Web 2.0 Represents A Fundamental Rethinking Of Business, And The Theory Of The Firm
[UPDATE: Andrew McAfee has critiqued my post on his blog here. Valid points, all. My reply is below, and on his original post.]
My former colleague Pete Kim has been on a roll lately. A week ago he challenged the blogosphere to become more than just an echo chamber — he even challenged me personally to “really turn it on.” This weekend he clarified further to say that social business is business. And today he goes on to explain why he believes Web 2.0 still matters. Like any good colleague, Pete has pushed me to clarify my own thinking on the subject.
As an economist — and a micro-economist specifically — I look at Web 2.0 through the lens of Coase’s The Nature of the Firm and the eventual refinement and expansion of his theory over the last 80 years. So what do I see when I look at Web 2.0, social media, social software, and whatever else you want to call this thing? I see a fundamental rethinking of the definition and function of the firm; the single biggest change since the industrial revolution.
Yes, that is some over the top rhetoric, but consider the facts: Since the industrial revolution the basic creation of economic value has followed a pretty simple path. Firms acquire capital, labor, and resources, combine them into a valuable product or service, and sell the product or service to individuals or other businesses who consume that value. In this system is it incumbent on the firm to create value, and the role of the buyer is to consume value. End of story.
What Web 2.0 software has done is give firms the tools to blow the doors to value creation wide open and invite customers, partners, experts, and prospects into the process. Think of a social network like the ones run by Communispace; here businesses are opening the doors to the product development, marketing, packaging, and distribution process to customers who add value every step of the way with their preferences, ideas, and reactions. The firm is no longer creating value alone, it now has help.
Skeptics will argue that this sort of value has always been provided to the firm through focus groups and other market research. While it is true that these functions have brought in outside opinion and value in the past, they have never before operated at the scale that truly social software allows. Instead of a one-off focus group for 8 hours with 20 people, firms now have the ability to conduct perpetual focus groups with as many people as care to join. This, needless to say, is a big change.
Over the next 10 to 15 years, on the back of social software, we will go from a fundamentally closed value creation system to a fundamentally open one. The firms that get their first and with the greatest depth stand to profit wildly, while those that do not embrace this change will be stuck with a slower pace of innovation and industrial revolution-era economics and resource constraints. Firms that embrace the community will harness vast amounts of community value at almost no explicit cost. Again, this is a huge transformation.
If you have spent any time speaking with me or reading my research in the last two to three years you have likely heard some version of this before. My colleagues as well have been writing about this change — see Peter Burris’ Community Marketing report for a great marketing focused example. Over the next year my goal is to expand and deepen Forrester’s coverage of this shift, eventually providing firms with a road map of how the move towards open business will play out, and where they can take confident steps forward. First up is a report tentatively title “Community Evolution: How Loosely Coupled Communities Of Interest Will Mature Into The Tightly Bound Economic Actors Of Tomorrow.” The report will aim to answer:
- What types of products and services will communities provide in the future?

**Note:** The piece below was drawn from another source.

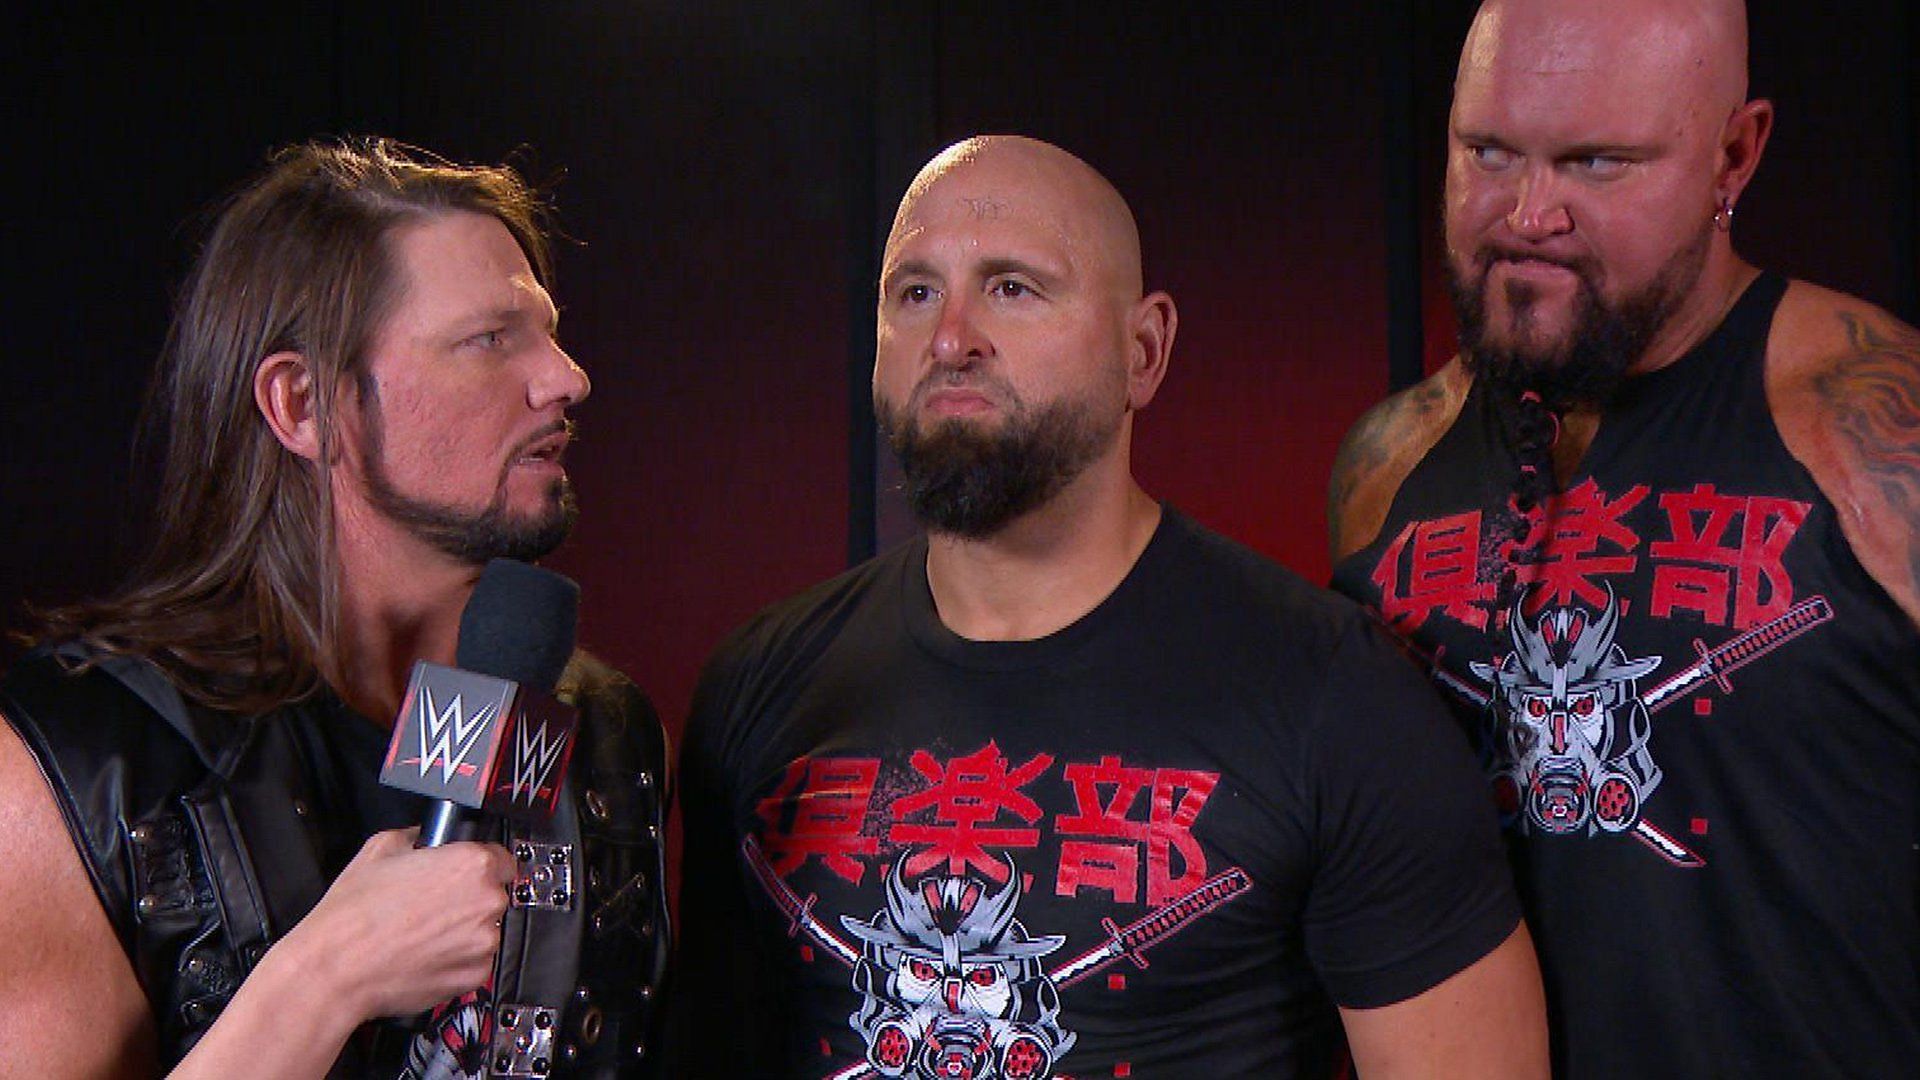 AJ Styles, Gallows and Anderson were part of The O.C.

- What business models will facilitate those communities? Will they be for-profit?
- How will communities evolve over time?
- What should businesses do today to prepare for the change?
If you are interested in contributing to the research please let me know in the comments, or via email. Pete, expect a call for an interview shortly.
This, as you can probably tell, is something I get very excited about, and I am thrilled to share my findings with you, and the rest of the world. It may sound self-serving, but I don’t think there is a better job in the world right now than an economist focused on technology. It’s an exciting time to be in research!